Control Protein Intake

Because your liver functions are impaired, your body cannot process proteins well, which may cause a buildup of ammonia in your body. Ammonia is toxic and can cause brain function problems. Ask your physician or your registered dietitian what your individual needs are, but in general, the American Dietetic Association recommends that you should not eat more than 1 g of protein per 1 kg of your weight per day. Foods that are high in protein include meat, poultry, fish, dairy products, legumes, nuts and seeds, and some cereals.

Avoid Saturated Fats

Because liver disease is usually accompanied by unintentional weight loss, you shouldn’t limit fat intake completely. Additionally, liver disease might reduce your liver’s ability to produce bile.

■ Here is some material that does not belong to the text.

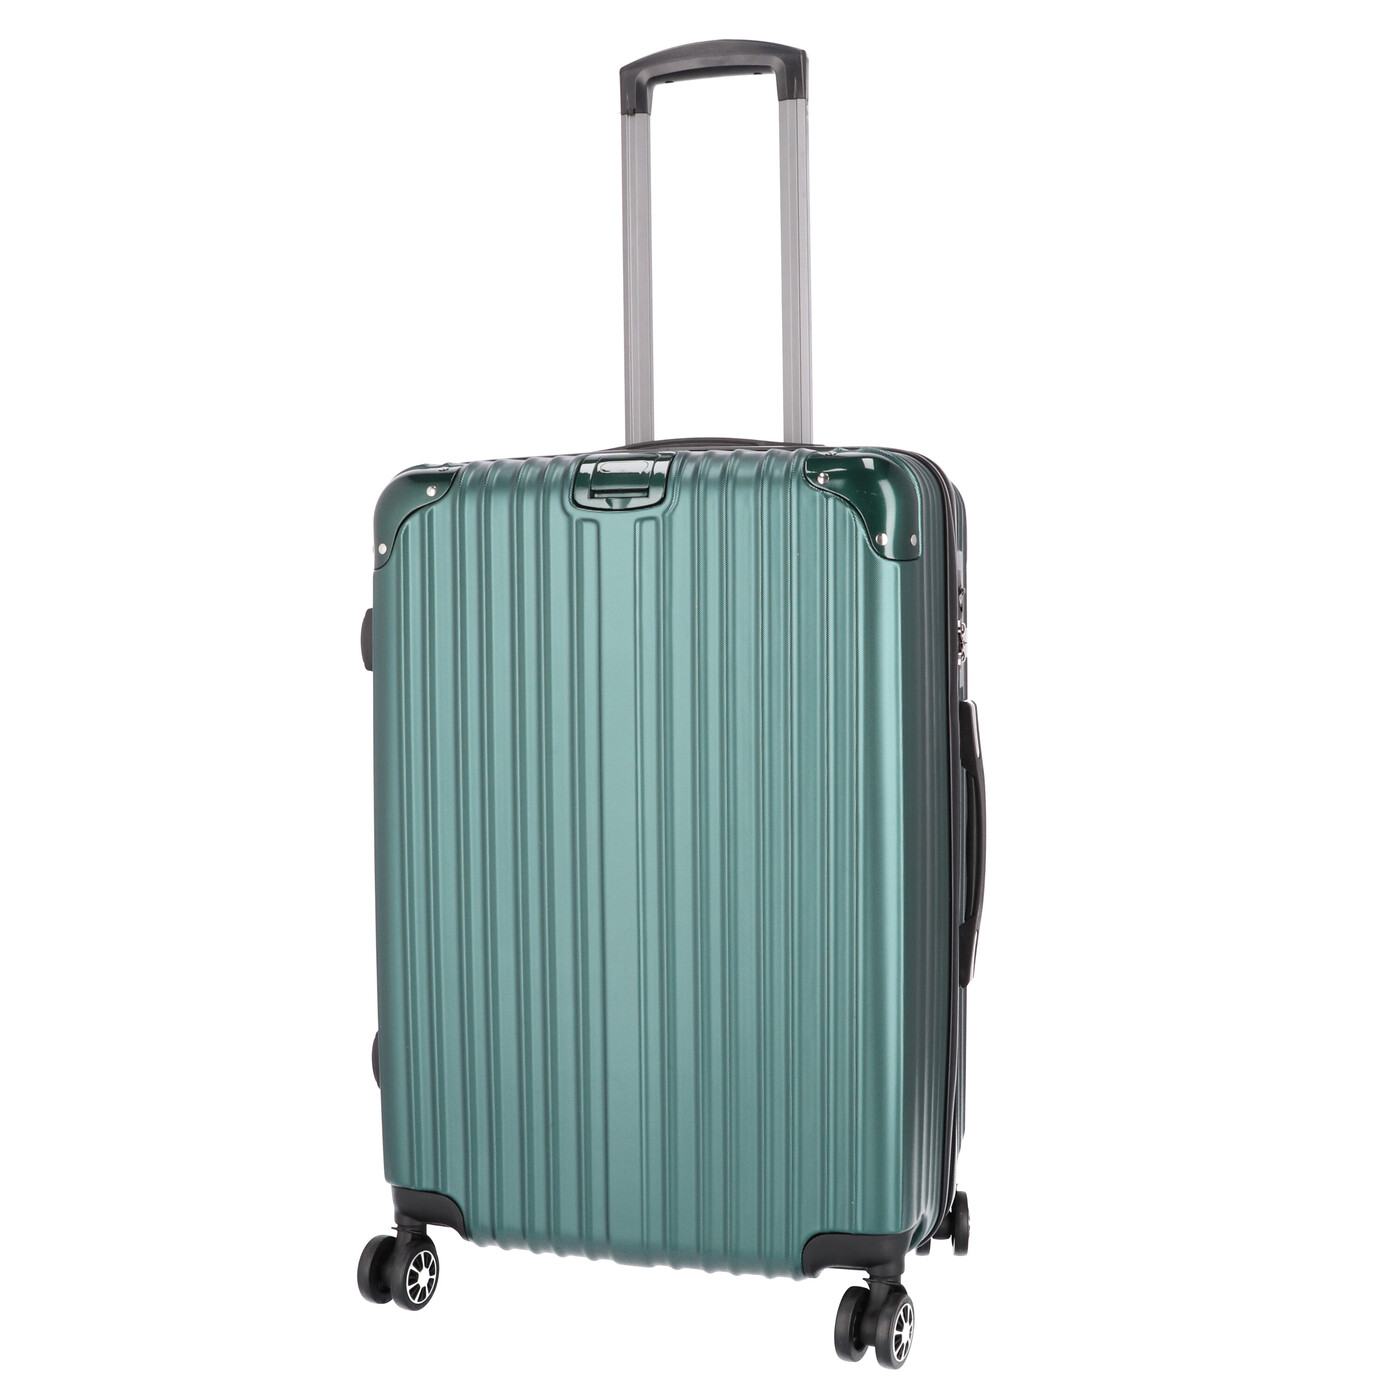 新品 VELO 三段階サイズ可変式 スーツケース

Bile is a substance created by the liver and distributed by the gallbladder into the stomach and is necessary for the digestion and absorption of fats, which is why it is important you consume enough calories from healthy fats. Your body needs some fats for general health, but choose unsaturated fats, rather than saturated or trans fats. Examples of foods with saturated fats include butter, whole milk and all animal products. Examples of foods with healthy fats include olive oil, canola oil and avocados.

Now, let us protect our LIVER.


Think of your liver like your own personal filtering system: Suck in the bad and spit out the good.

“The liver has many important functions that keeps a person healthy. It removes harmful material from the bloodstream and helps digest food,” says holistic nutritionist Hermeet Suri from Mississauga, Ont.

The liver, weighing in at an average of three pounds, is a rubbery and reddish-brown organ that sits on the right side of your stomach, according to

A functioning liver works as our bodies’ fat-burning organ: It converts nutrients from the food we eat into essential blood components, storing vitamins and minerals and producing proteins and enzymes to maintain hormone balances in our bodies, Suri says. Our livers also help our immune system fight infections, remove bacteria from the blood and make bile, which is essential for digesting our meals.

Problems with your liver can be inherited or can occur if your body is infected by any viruses or harmful chemicals, according to The Mayo Clinic. Mistreating your liver can raise the risk of obesity, cardiovascular disease, chronic fatigue, headaches, digestive problems, allergies and many other ailments, Suri says.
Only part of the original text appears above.